## TASK INSTRUCTIONS
Please set down exactly the lines of the listing below from the line containing "10,000 unread messages notification" through the line containing "Though Jeff Bezos", both lines included, leaving out all other lines.

## DATA TO USE
::::
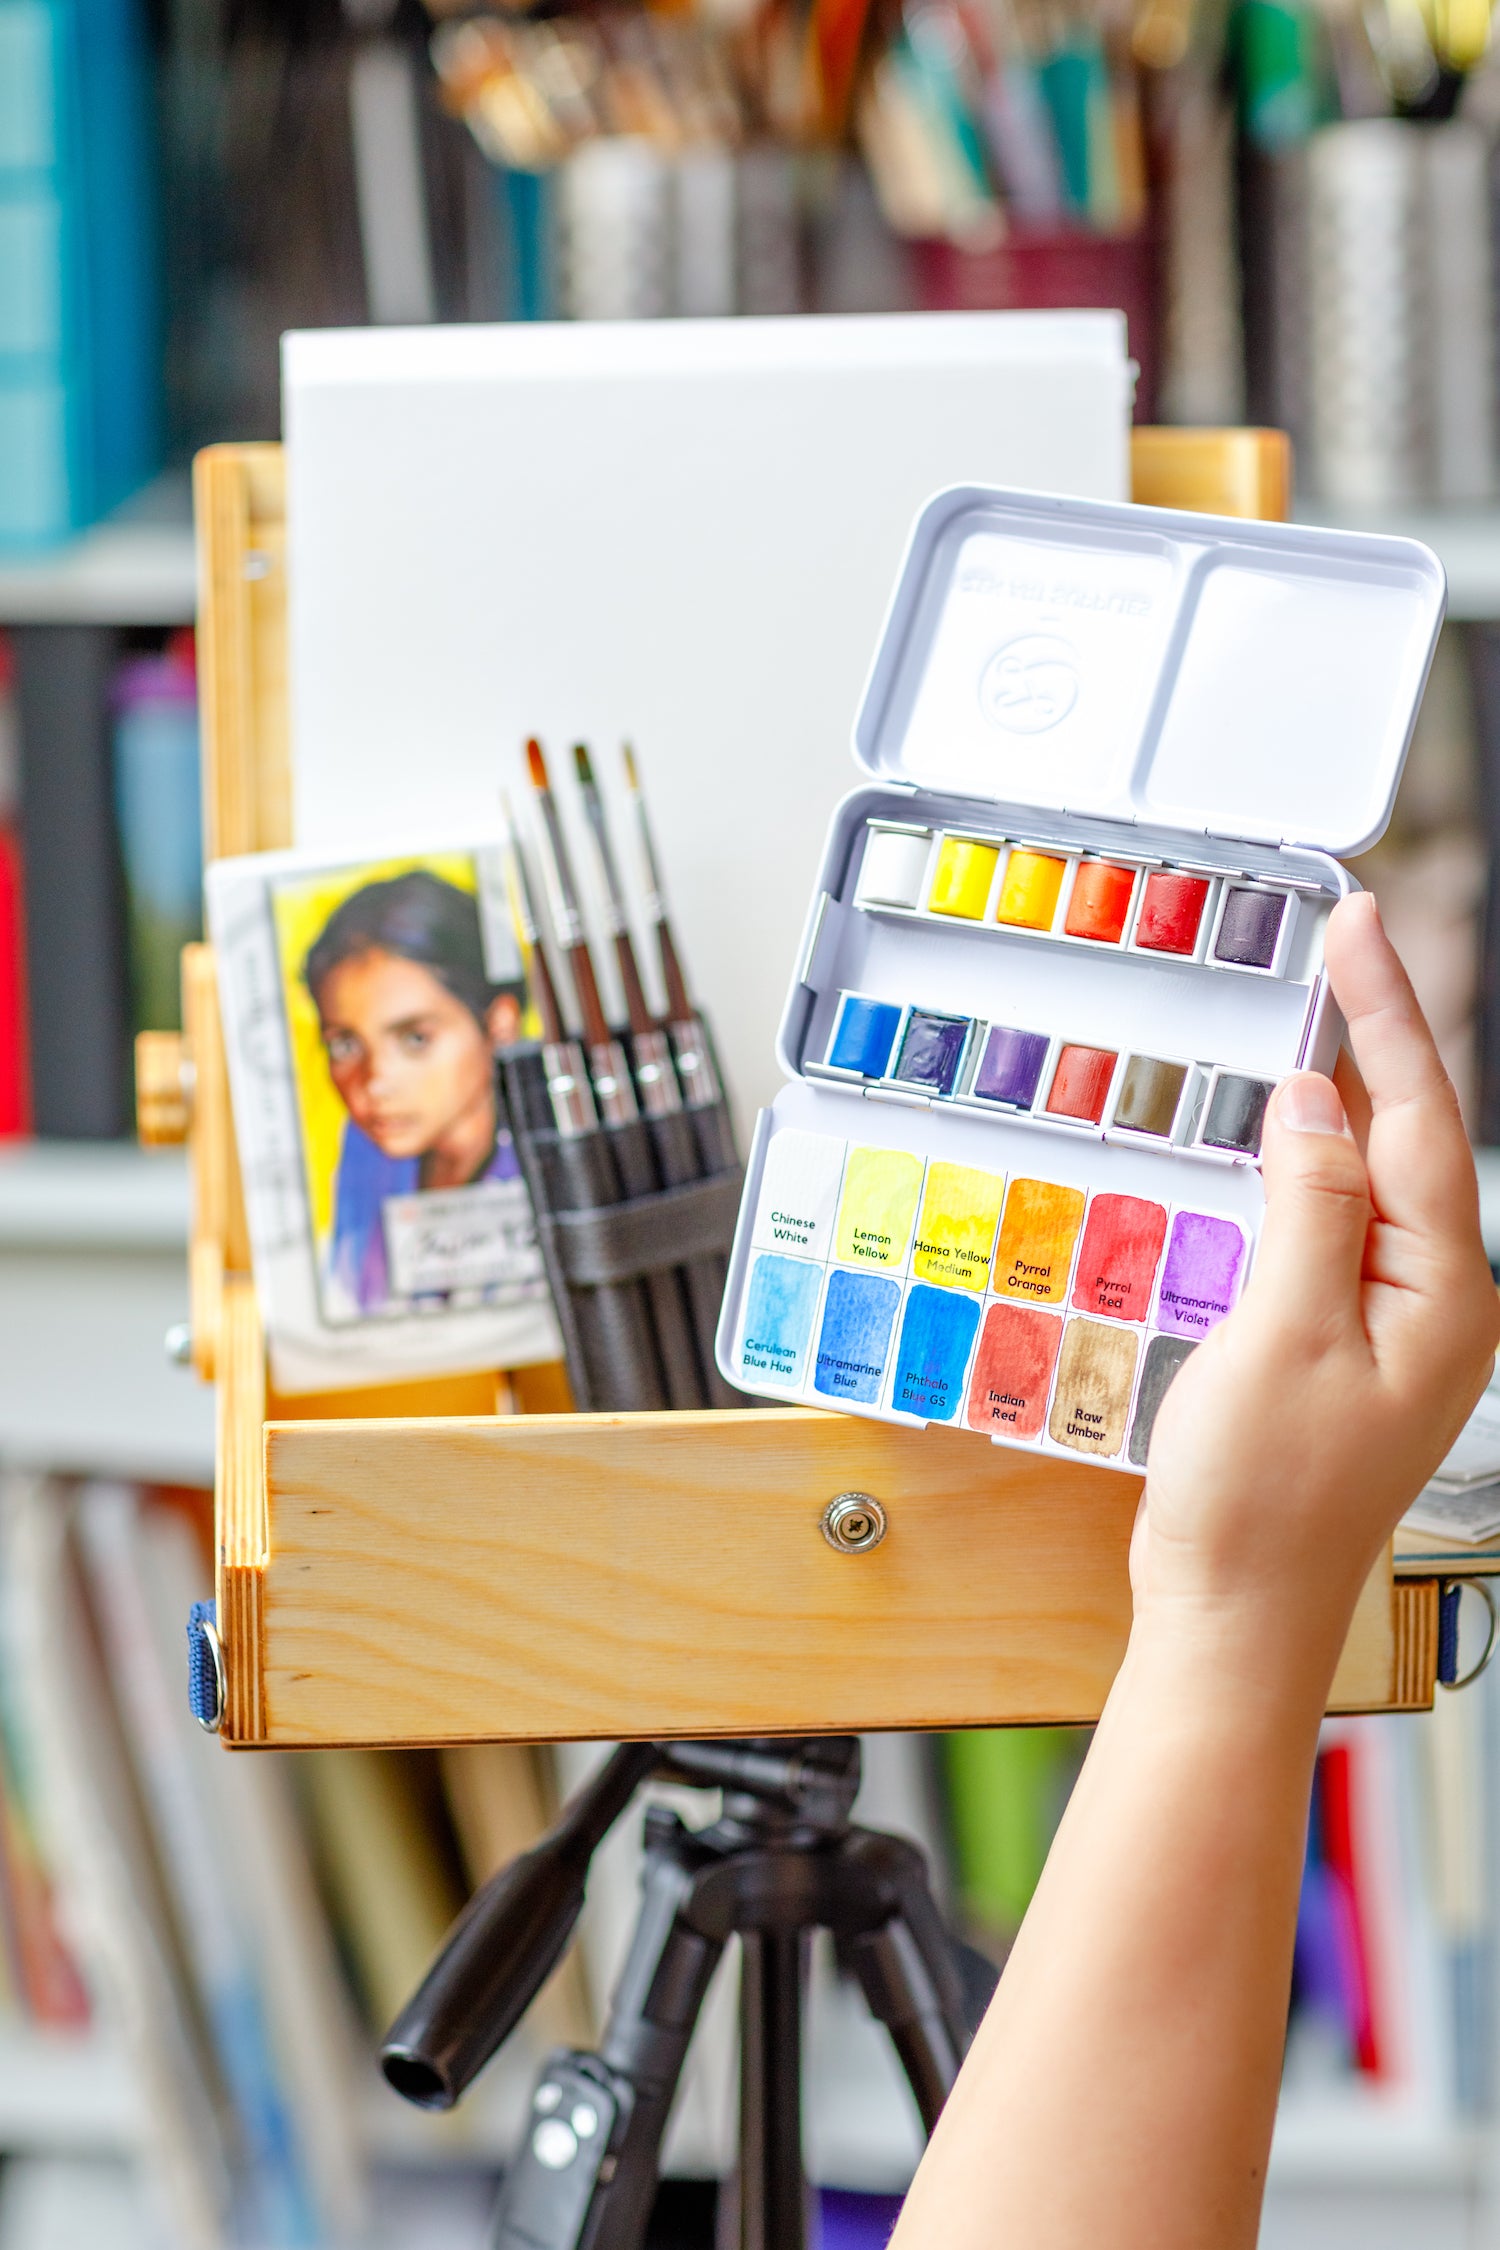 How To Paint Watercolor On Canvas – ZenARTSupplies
::::
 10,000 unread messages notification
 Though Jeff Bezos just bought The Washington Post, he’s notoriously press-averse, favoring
::::
## SOLUTION FOR THIS TASK
 10,000 unread messages notification
 Though Jeff Bezos just bought The Washington Post, he’s notoriously press-averse, favoring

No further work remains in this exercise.